Night of the Taranta concert draws 200,0

Mirò hits big with tradition, 'Il Volo' wants to join next year

(ANSA) - Melpignano, August 28 - The 2018 Night of the Taranta concert, directed by Italian singer-songwriter Andrea Mirò, kept its promise to go beyond limits and "contaminate tradition" with other musical forms, not in order to betray tradition but rather to help pass it along.
    Mirò herself performed on the concert stage, lit by a large sun of lights.
    The pride of the tradition of the Salento could be seen throughout the concert: in the voices of the Popular Orchestra and the Italian and foreign guests, in the powerful sound of the tambourines, in the sensual moves and in the faces of the dancers performing the pizzica, the dance that heals from the bite of a tarantula - not a spider, but a "zoomorphic divinity" that "poisons" and saves the heart of those who come into contact with it.
    That's what happened to the three members of the group "Il Volo", who told journalists backstage that next year they would like to sing on the same stage.
    "Who knows; it would be wonderful," they said.
    "We were very curious to see this really big event," said Piero Barone.
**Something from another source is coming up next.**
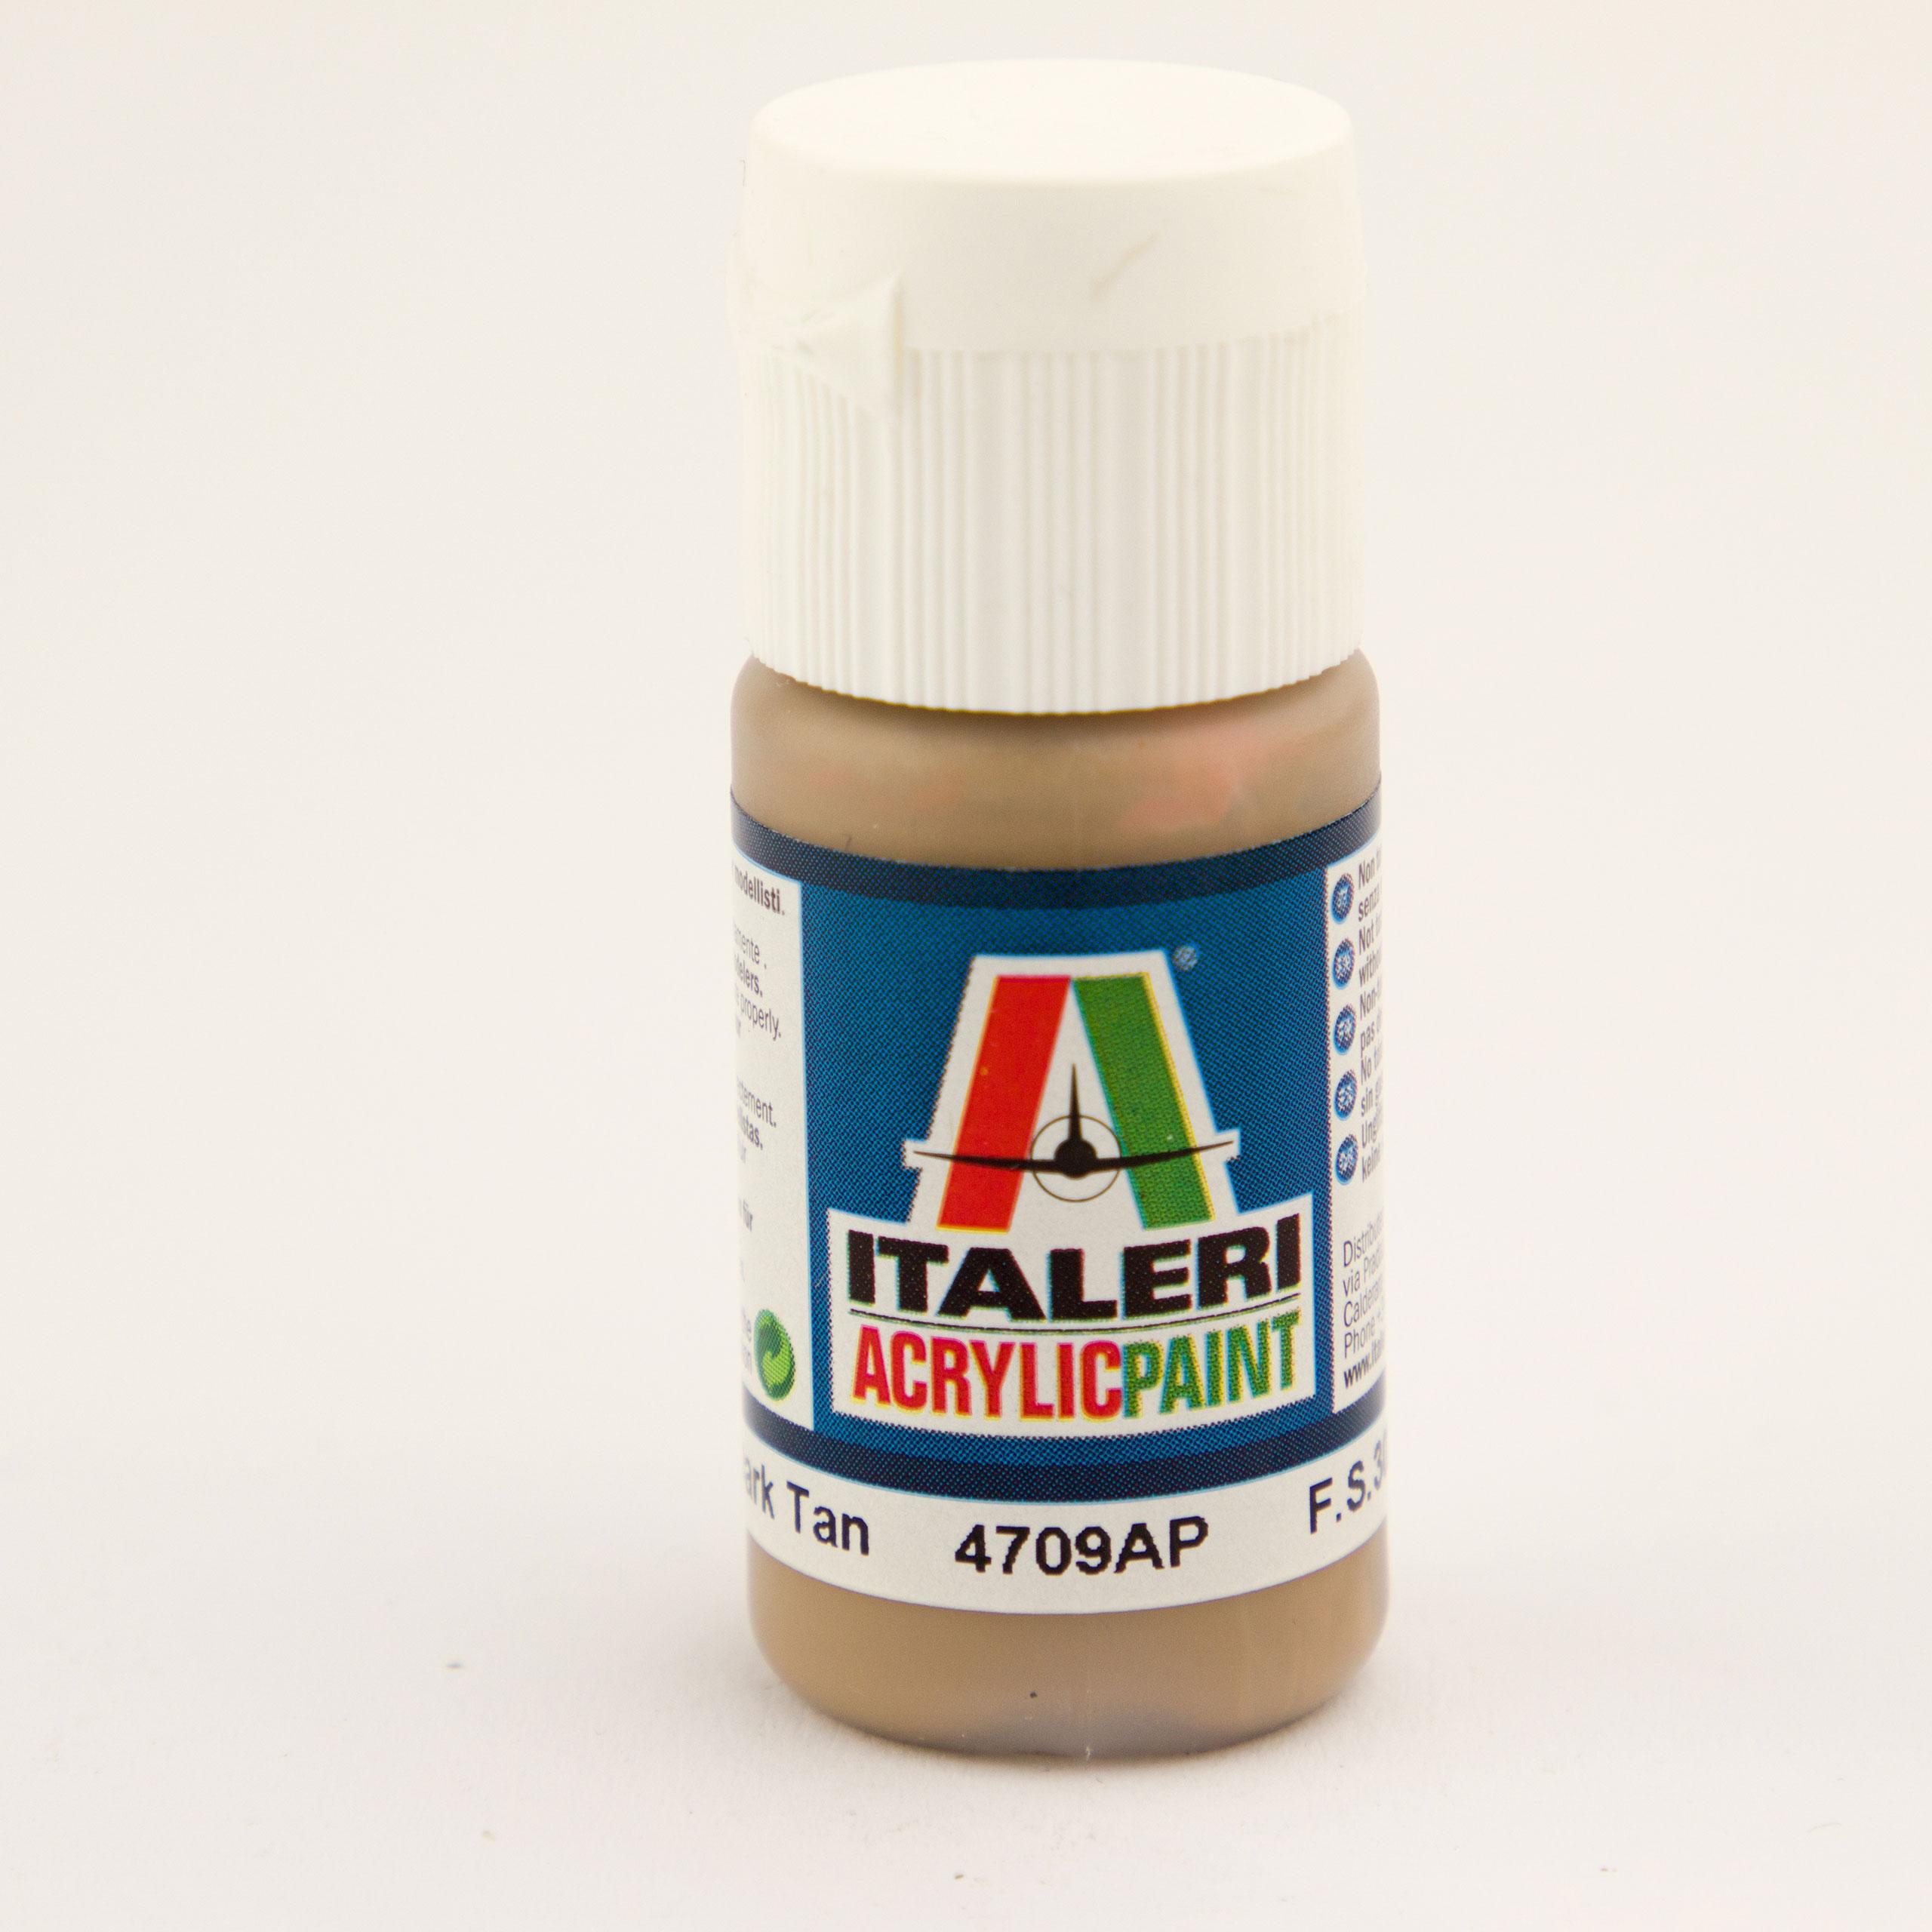 Italeri IT Acrylfarbe 4709 Dkl.Braun/Tan 20 ml Airbrush Farbe

    "There are still 12 months and there's time to organise it," said Ignazio Boschetto.
    "And there's always time to come up with a song last minute," said Gianluca Ginoble, jokingly.
    The group emphasised that it has "always thought that music has no limits, and that you can always try anything without putting any barriers - we try and we see what happens".
    Italian-American pop singer LP, Laura Pergolizzi, one of the most eagerly anticipated of the concert's performers, said she "immediately fell in love with this ancestral music".
    The 200,000 concertgoers, who began waiting in the afternoon in the small village of 3,000 residents in the Grecia Salentina, kept asking "When is she going to arrive?" Before the great party began, however, the mayor of Melpignano called for a moment of silence in memory of the victims of the Genoa bridge collapse and the flooding of the Raganello river gorge.
    On stage, the Dhoad Gypsies performed and the call of Rajasthan was unsettling for the more conservative attendees.
    Immediately realizing how much the melody from India is like the voices of the Salento, however, brought a warm wave of welcoming applause from the whole audience.
    The Salento group Apres la Classe, with its track "Kalos Irtate", gave its own sort of welcome in the Griko dialect, singing verses they wrote themselves about the "minister who takes issue with the blacks, and wants to command: Salento, however, will always be a middle ground".
    The differences between tradition and innovation faded away under the direction of Mirò, assisted by the multi-instrumentalist and arranger Davide Brambilla, resulting in a continuous "flow" of music.
    Rapper Clementino, at first timid, hit his stride with a series of rhymes, calling on "those from the south to jump up", to which all ages responded.
    Mirò, with her performance of the song "Fimmine", spoke of the condition of women, over Indian guitars and a reggae-dub bass line.
    Then, a continuous tambourine beat announced the arrival of LP, with the "pizzica" version of her hit "Lost on You".
    The pop singer took on the Salentino dialect in "Vorrei Volare", demonstrating significant effort, and sung half of "Pizzicarella" in English, adding in a few steps of the traditional dance as well.
    The music continued, with the trombone of Frank Nemola rounding out the sound of the tambourines, while the violin perfectly accompanied the voice of Cuban singer Yilian Canizares in the Griko song "Ela-Mu Condà".
    A touch of Naples came with Enzo Gragnaniello and his "Beddha ci stai luntanu" and "Na ni na", accompanied by the jazz sax of James Senese.
    Meanwhile, Salentino traditional poet Mino De Santis recalled landscape, the theme of this year's concert, with his warm voice singing "La Terra": the land, where this music was born, and, thanks to the Night of the Taranta concert, will never die.